For instance, if you wanted to know all the attributes supported by a class, you would need to collect all the local attributes, then visit each superclass (recursively) and collect all those attributes while being sure to skip all overridden attributes. This can get quite expensive and since we allow for you to, at any time, alter the inheritance structure or add/delete attributes via the MOP, this means we can not cache the results of that query (well we could cache it, but then we would have to have all sorts of extra code to check the cache and invalidate it, etc. etc.).

So what you are doing when you make a Moose class immutable, is actually saying "it is okay to cache things, I am not going to mess with the metaclass". At that point Moose takes the opportunity to memoize many of the MOP calls and install methods that throw exceptions when you try and alter the metaclass, effectively making the class read-only. However, this really only helps speed up calls to ->meta methods, so we also then take it one step further.

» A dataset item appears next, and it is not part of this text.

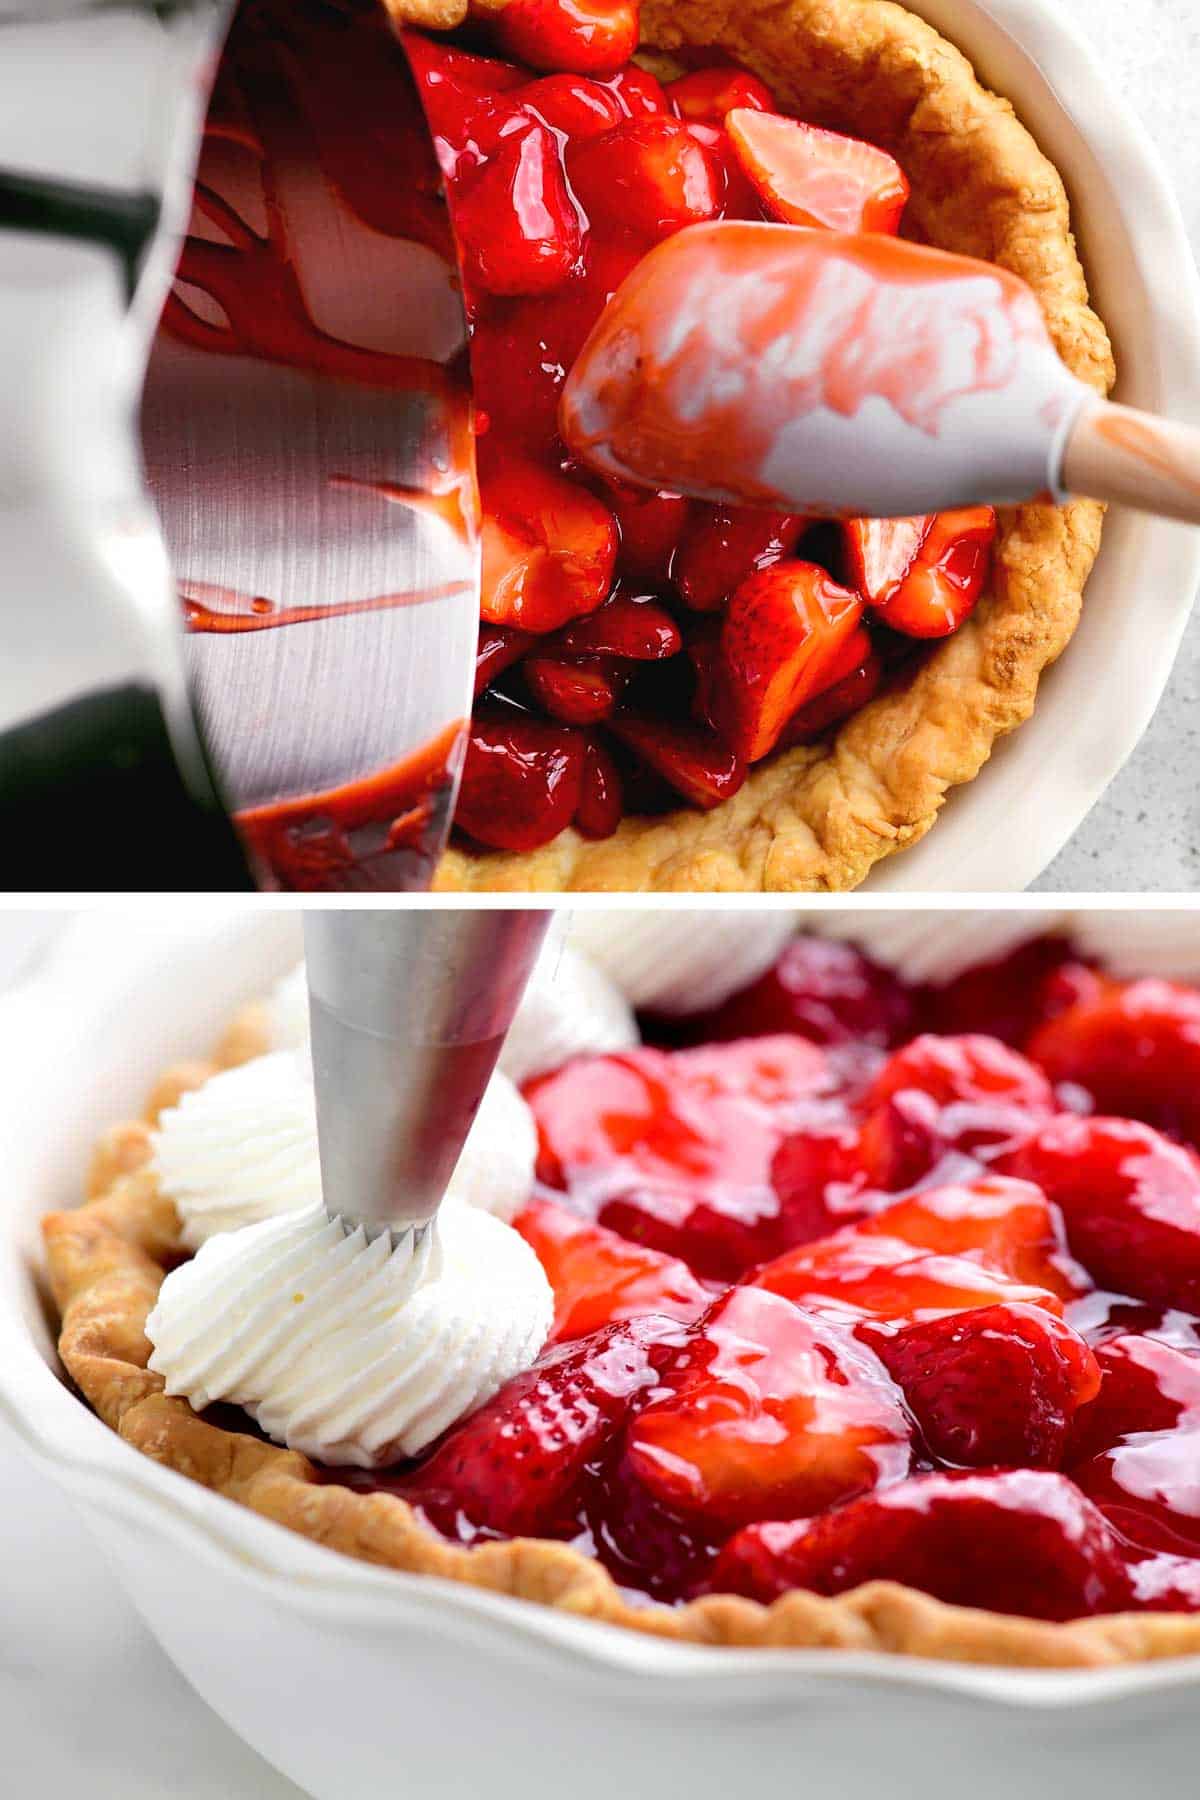 Adding strawberry pie filling to crust and topping the pie with whipped cream.

The example I gave above, of checking all attributes in a class, may seem kind of esoteric and not something one usually needs to care about, but this is exactly what Moose needs to do every time it creates an instance of an object. It needs to do this in order to properly initialize all the slots in an instance, fire any triggers, check any type constraints, perform any type coercions and call all BUILD methods in the inheritance graph in the correct order. By memoizing the computed list of all inherited attributes we are actually saving quite a lot of computation, but honestly that is not enough. So we actually take the opportunity to inline and compile our own optimized constructor method that does the exact same thing, but in much less time. The result is that object construction is significantly faster during the runtime of the program (which is when it really counts) and we instead take the compile-time hit of the code construction and evaluation. And since we are in there already we also inline a DESTROY method which correctly calls all the DEMOLISH methods in the correct order (Moose already, by default, will inline your attribute accessors, but if it didn't then it would do that as well).

So the short answer is that making your class immutable is good because it memoizes several metaclass methods and installs an optimized constructor and destructor for your class and therefore helps reduce a fair amount of the cost (during runtime) of all the abstraction that the MOP provides.